[Records contained in a dataset]
▶
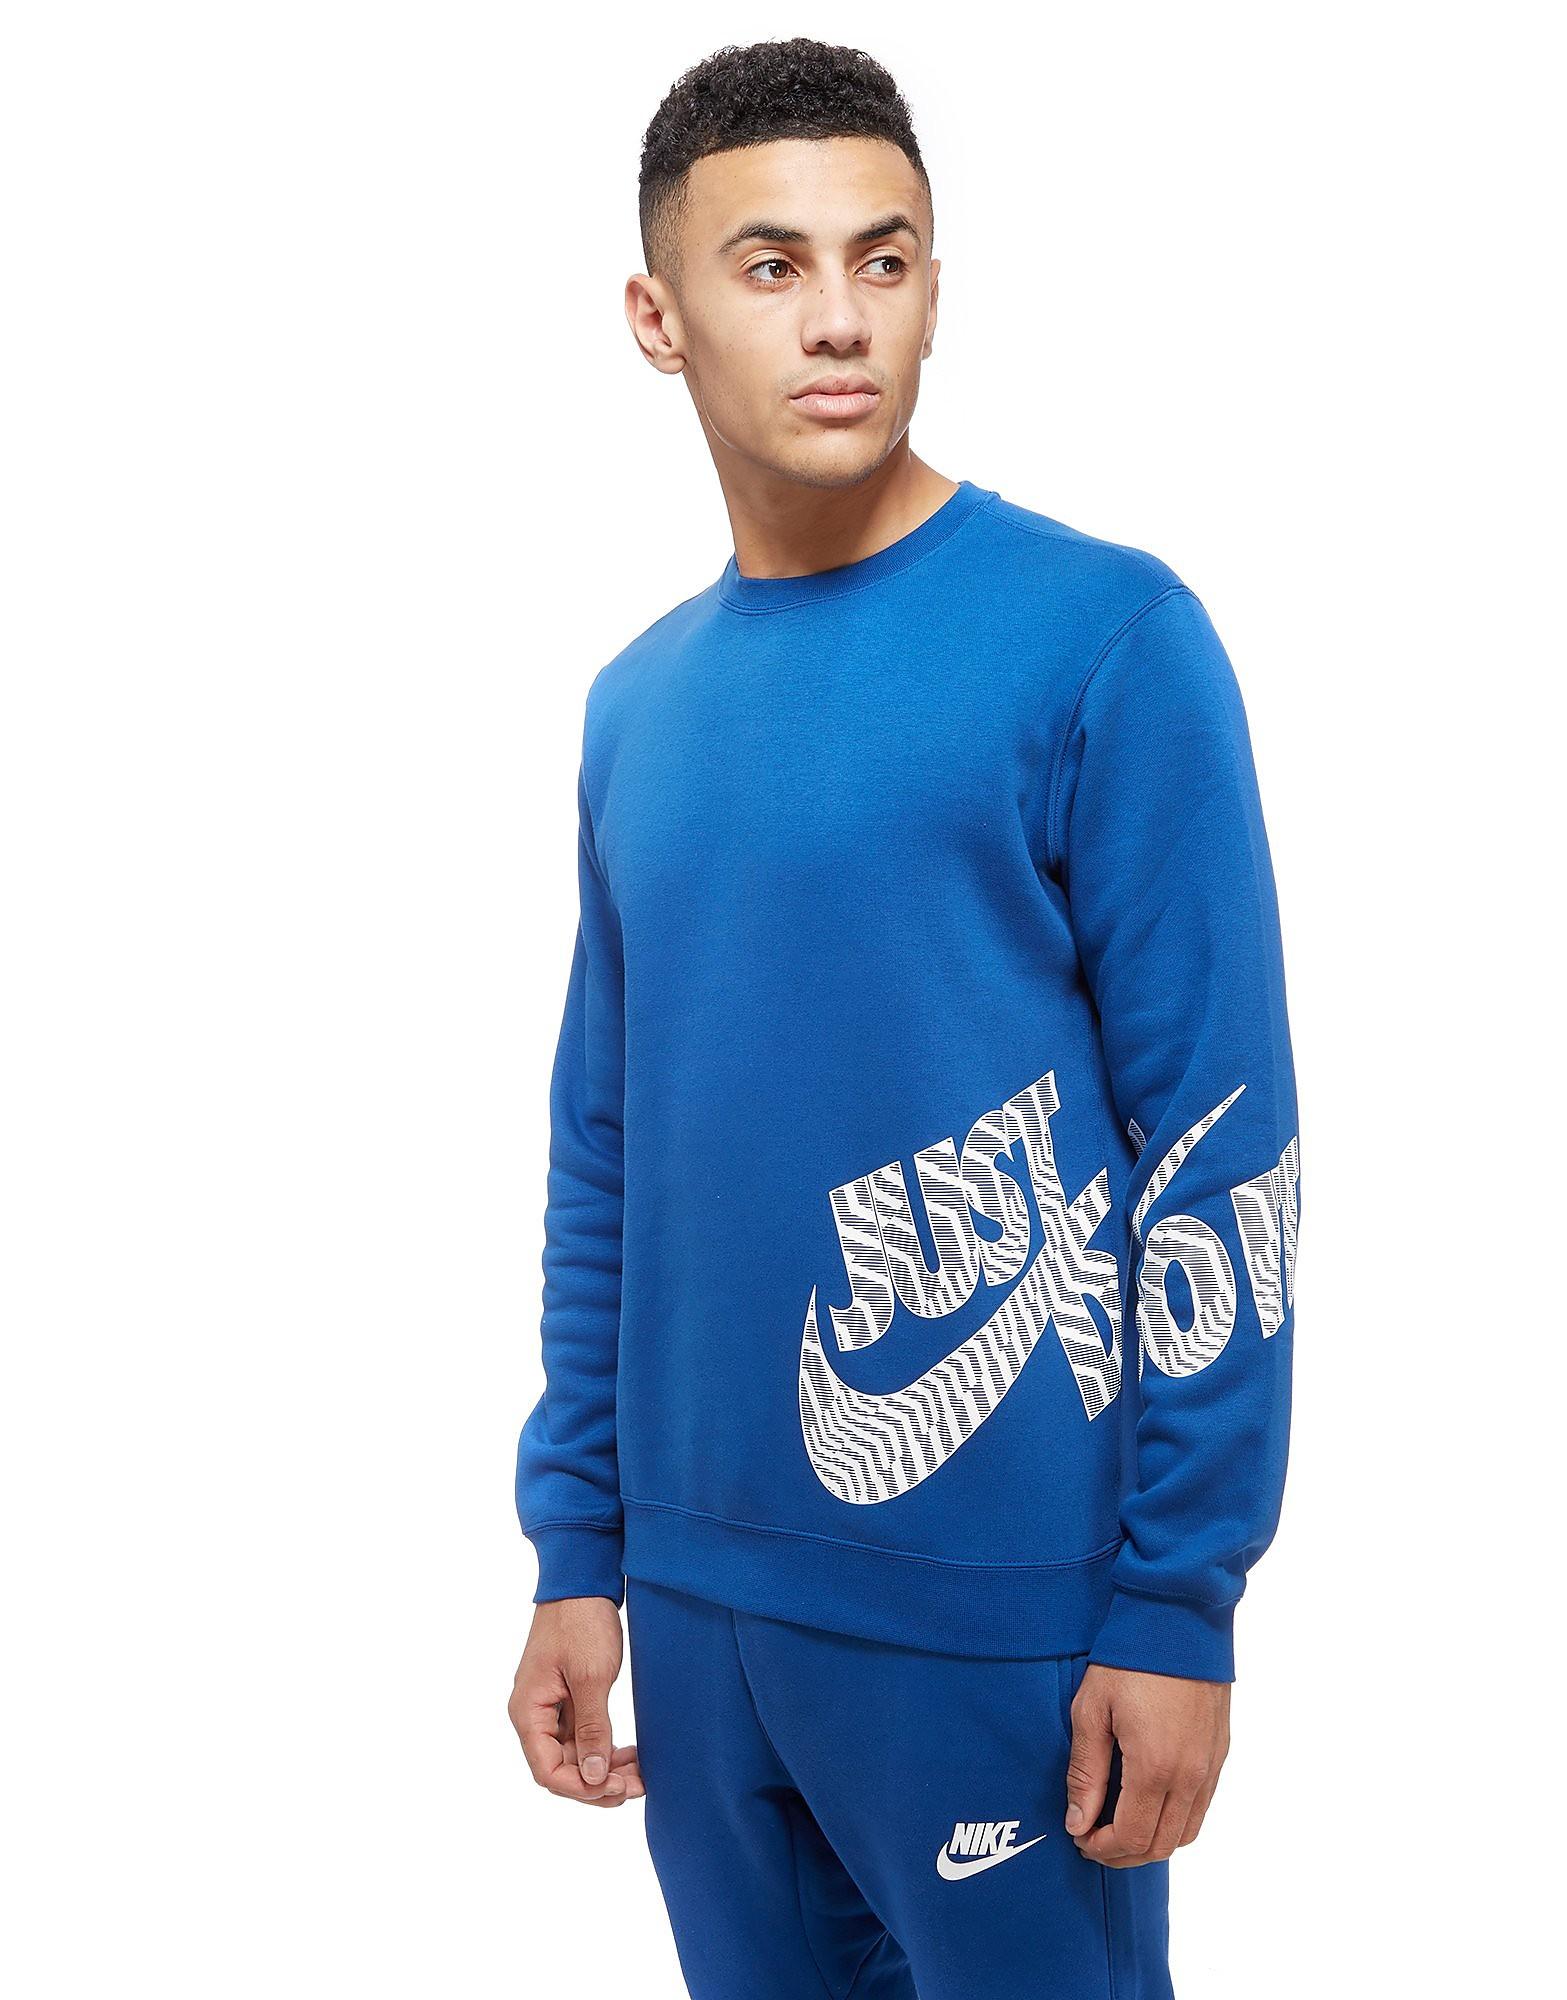 Nike Just Do It Logo Crew Sweatshirt
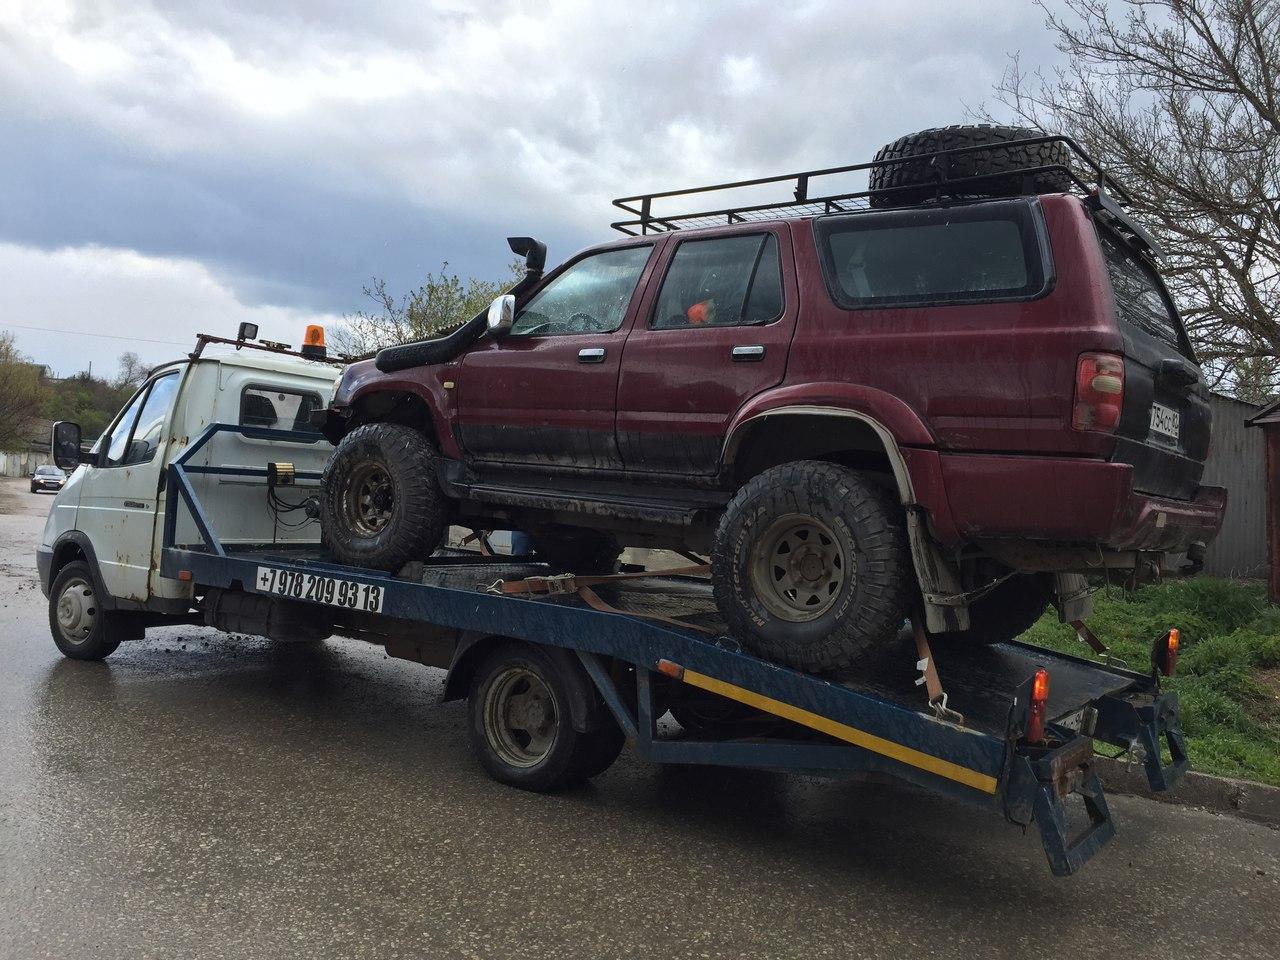 Фирма: Эвакуатор в Феодосии, Повелитель грузов
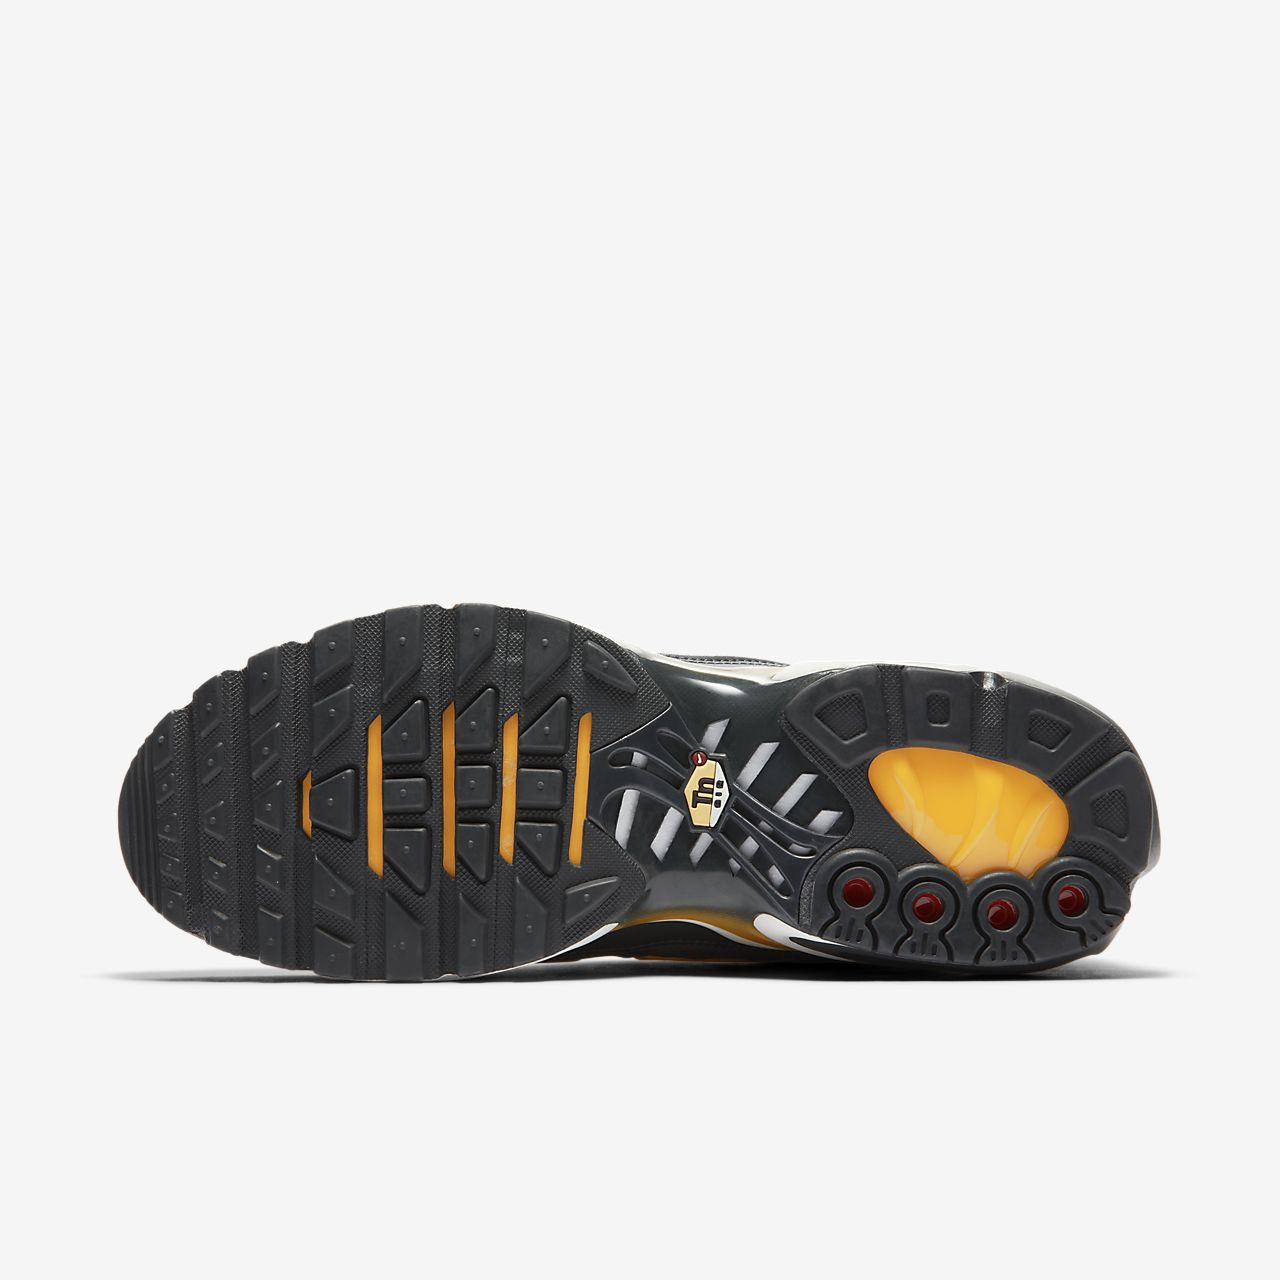 new style e0e9b bd87a ... Nike Air Max Plus SE Men s Shoe
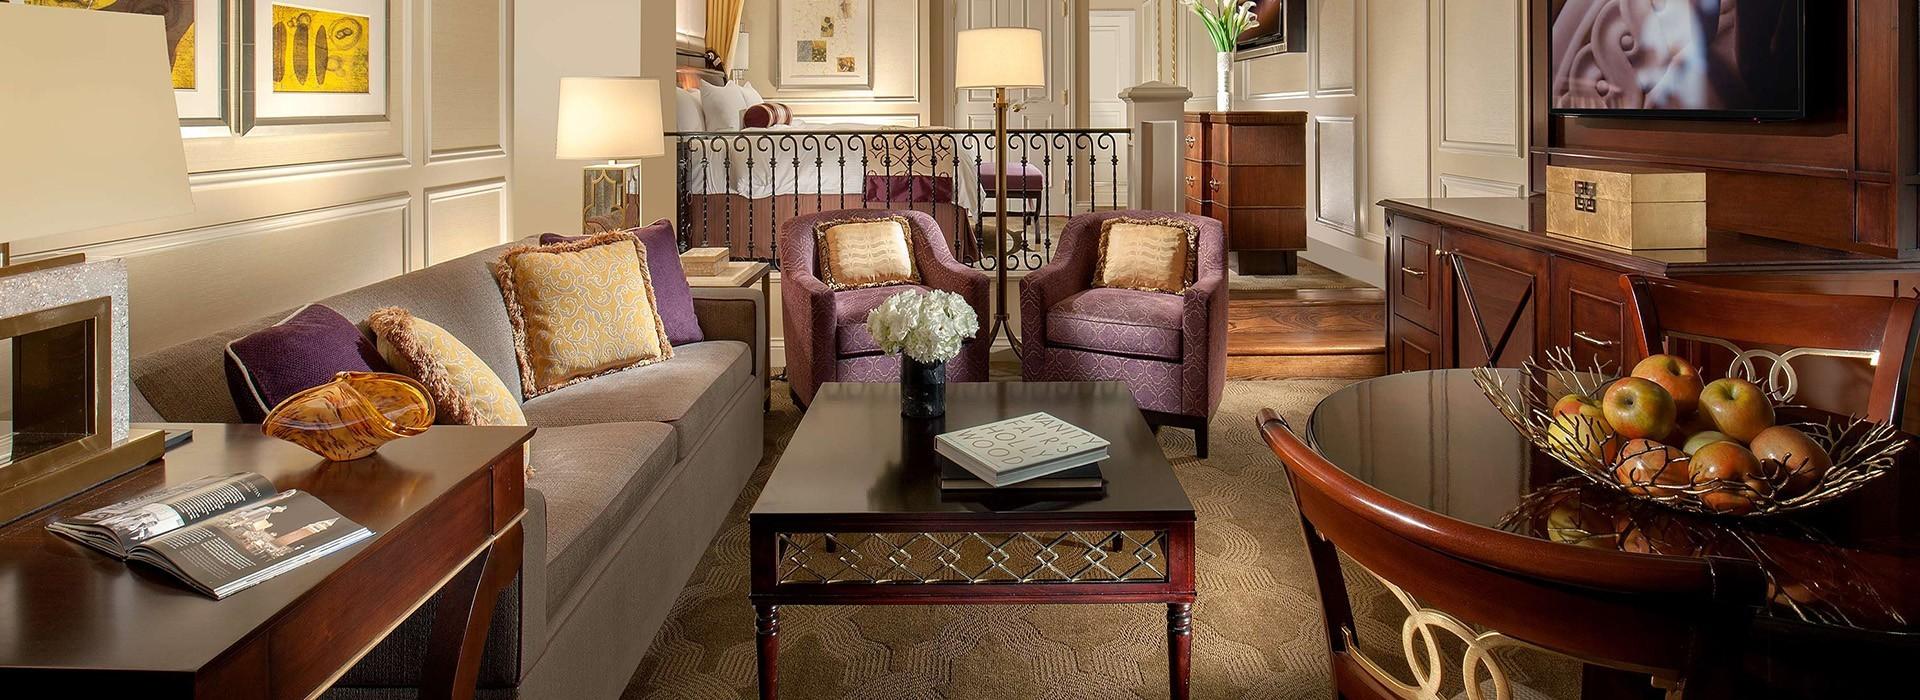 Furniture-Lab-Las-Vegas-Upholstery-0002
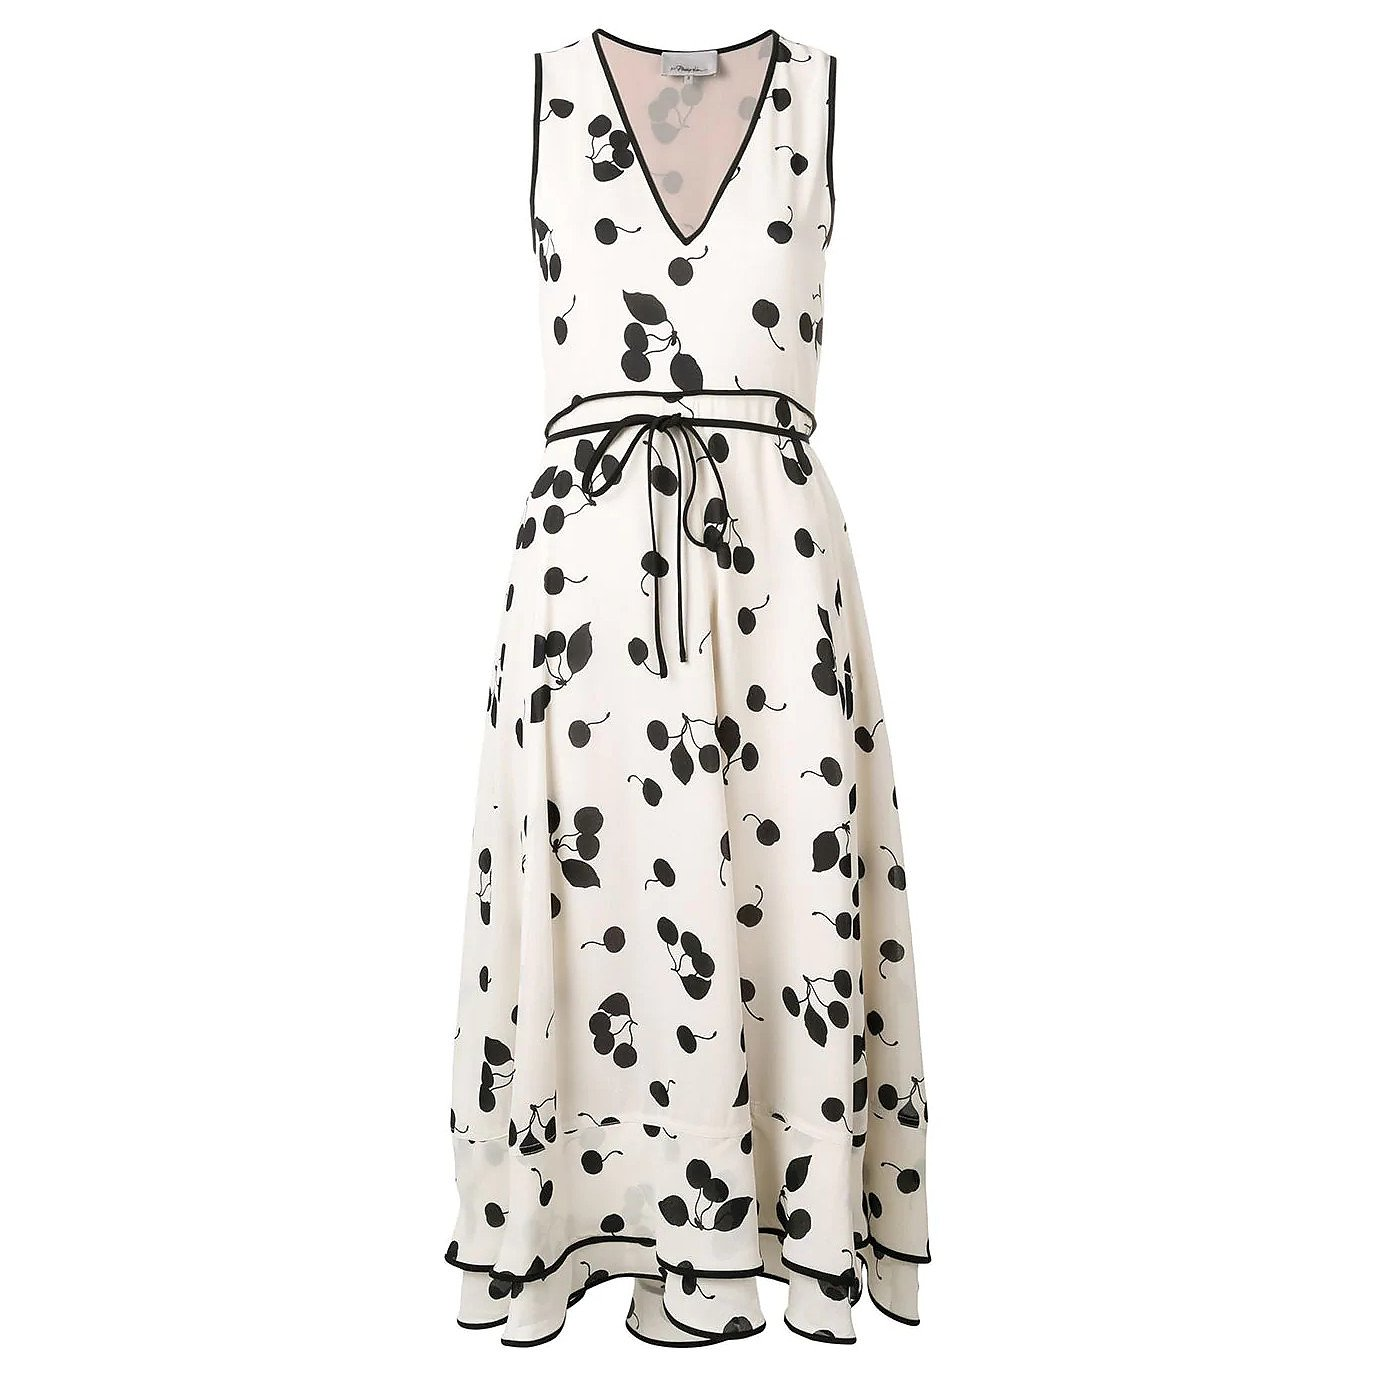 3.1 Phillip Lim Cerise Print Midi Dress
◀
▶ What to produce:
Starting at the line that contains "new style e0e9b" and ending at the final line of the data, reproduce each line exactly. Pictures stay out of the copy.

▶ Output of the task:
 new style e0e9b bd87a ... Nike Air Max Plus SE Men s Shoe
 Furniture-Lab-Las-Vegas-Upholstery-0002
 3.1 Phillip Lim Cerise Print Midi Dress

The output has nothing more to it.